Tabula Rasa is just the claim that people gain knowledge about the world through sensory data, i.e. empirical means. Technically it isn’t contradictory against a view of innate behavior. Locke wasn’t concerned with behavior, he was concerned with epistemology. He made this claim as a specific rebutal towards the rationalists of his era because they made claims such as reason being the only way to obtain certain knowledge.
I understand how people can make the connection to Tabula Rasa, but it’s just not as significant or arguably as present as some are making it out to be.
I’ll go another step to say that it’s a straw man to say that post-modernists don’t believe in innate behavior. They’re stupid but not that stupid. Certain behavioral inclinations innate to a gender is what they mean to contest, and they believe that social context can be used as a better or more valid explanation for the behavior observed.


----------



## queerape (Dec 6, 2018)

I agree with you fully. Ironically, in a culture of liberation, we've exposed ourselves so much to the idea of sexuality that the real thing intimidates us. We have become so afraid of fucking up with our partners, because it can recoil so heavily when we do as such high emotions are involved. You are not allowed to make simple mistakes any more with your partner because those realities of sex are concealed when discussing the theory of it, and having been exposed to only theory and not reality, it causes us to overreact and make mountains of molehills. Then, because of the ostracism that comes of making the mistake, instead of learning from our mistakes and forgiving, we avoid sex entirely and retreat to the comforts of the idea of it, be it through regimented consent contracts, porn/hentai, or uwu pure tumblr culture.

We are willing to engage with sex so long as we do not have to engage with the emotions inherent in it.


----------



## Positron (Dec 6, 2018)

The old Victorians actually talked about sex all the time.  Just that, as Foucault observes, they channel their attention to the legislation and scientific research of sex, in order to rationalize its social control.   The ultimate aim is, of course, power (as if you should expect any different from Foucault).  By pathologicalizing loose women as "nymphomaniacs", for example, the old Victorians controlled the range of behaviors allowed to women.

You can see a parallel with our new Victorians: they too talk about sex all the time, but frame it as an issue of "human rights" and "inclusivity".  By claiming what kind of sex should be allowed, and branding dissenter as "bigots", "transphobes" or "terves", they are trying to gain power and control of what normal people should do (or at least, should let them do).

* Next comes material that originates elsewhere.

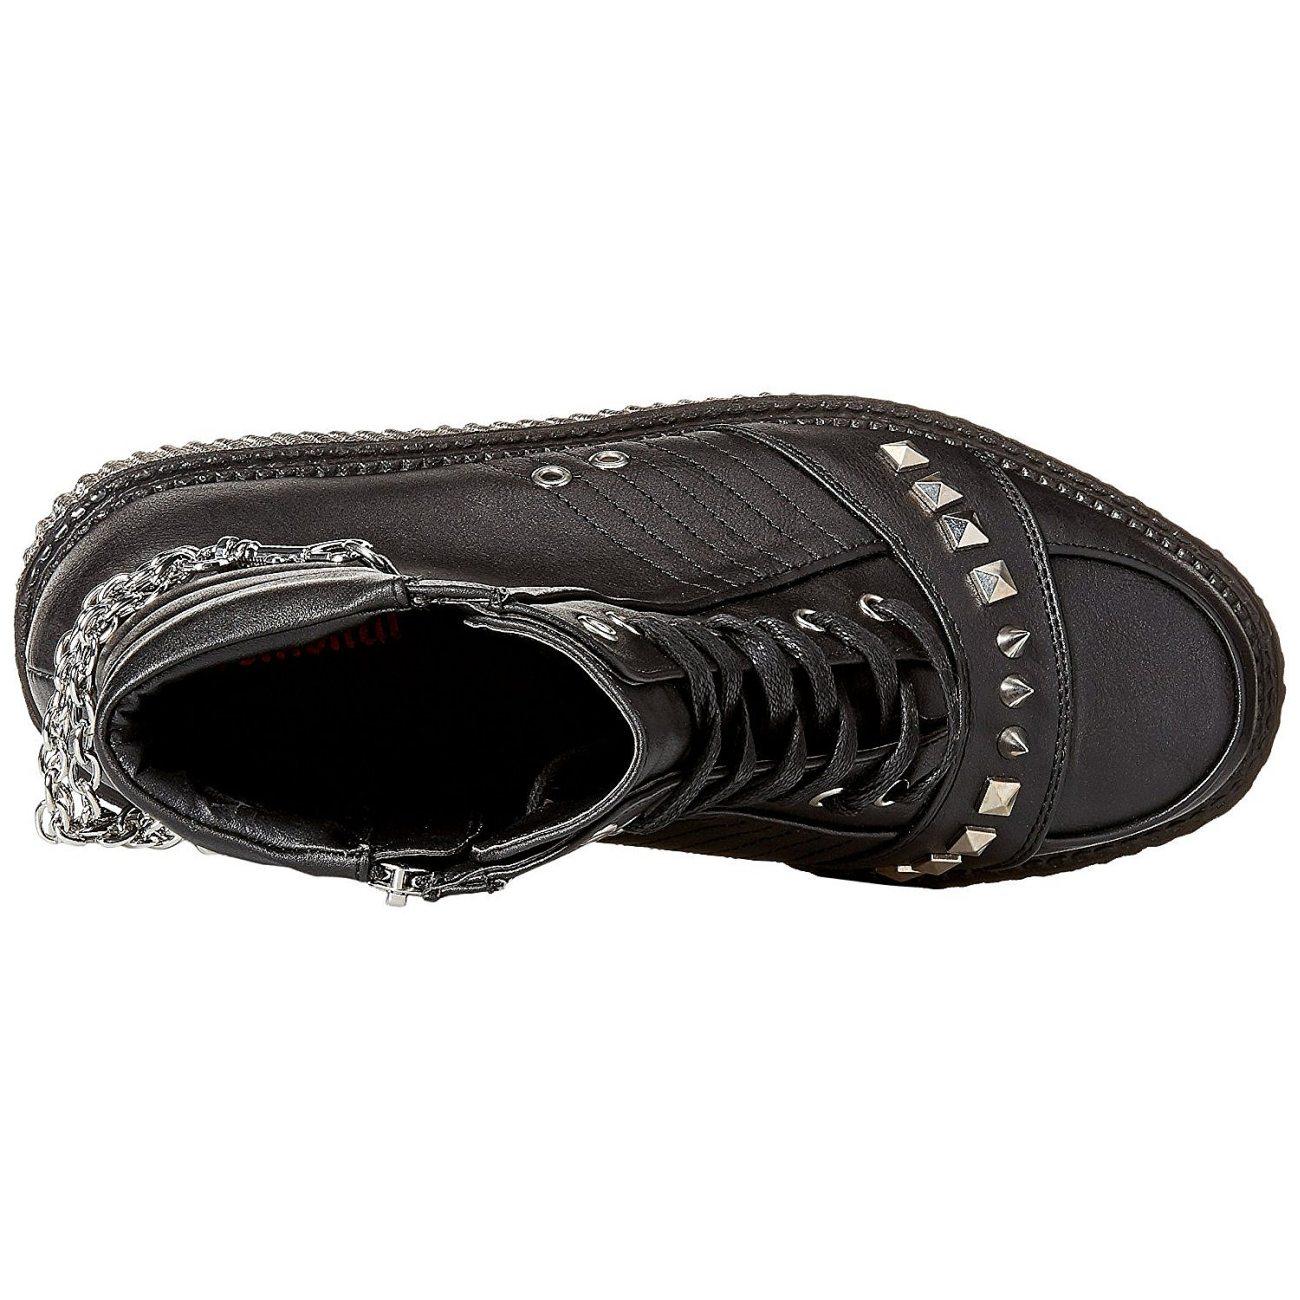 Blk Leather V creeper Vegan Demonia 565 xsdtQrBhC

What is different from the olden Victorian days is, of course, now we have the mass media propaganda machine, and we understand that kids should start to be fed propaganda when they are young.  While our adult space (such as Tumblr) is being de-sexualized, children space is getting increasingly perverted.  Cartoons like _Steven's Universe_ celebrate gender bending and same-sex attraction, and it looks like the new She-Ra is set to be a queer potpourri.



queerape said:


> I agree with you fully. Ironically, in a culture of liberation, we've exposed ourselves so much to the idea of sexuality that the real thing intimidates us.


This is also Foucault.  More talk  → more rules  → more surveillance against rule breakers  → more repression.


----------



## Vlad the Inhaler (Dec 18, 2018)

Let me say that I categorically support women becoming completely 19th century, old school prude, proper, frigid, and extremely repressed. That way, all the stuff we do with our clothes off becomes that much more degenerate, unholy and depraved. And *that's* why it kicks major ass.

It's like this incomprehensible new trend to use the word "cuck" as some sort of pejorative. If you are doing this, you're probably 14 years old and haven't yet figured out how sex can be both a team and a spectator sport.


----------



## Slap47 (Dec 19, 2018)

Harbinger of Kali Yuga said:


> Is this generally really a problem?  With youtube and some other sites, it's because many advertisers generally don't want to be associated with people ass fucking each other.  Google, despite its reputation, is a rather incompetent company on everything that isn't its search algorithm and they're not good at controlling where advertisements show, and they don't want to really host videos that eat their bandwidth and don't make them money.   Tumblr recently got bashed for child porn being hosted on their site so they need to do a PR stunt over it and they know they're too incompetent to filter it so a blanket ban is necessary.  Reddit still has a ton of porn subreddits and there's little chance of them being shut down.  There's still a lot of boomers around and sexual revolution never completely won.



The Communist Party of France went out of their way to ban sex-doll brothels because they exploited women.

"Family-friendly" is just their way of getting the right wingers to side with them. Sex-negativity is the dominant strain of thought in feminism. As far as they're concerned sexual fantasy is dangerous, sex work is inherently exploitation and men must be controlled.


----------



## millais (Dec 24, 2018)

I must admit I am a little disappointed to come into a thread about "Neo-Victorianism" and no one is shitting on steampunk enthusiasts. Ban fat cosplayers in corsets!


----------



## Slap47 (Dec 25, 2018)

millais said:


> I must admit I am a little disappointed to come into a thread about "Neo-Victorianism" and no one is shitting on steampunk enthusiasts. Ban fat cosplayers in corsets!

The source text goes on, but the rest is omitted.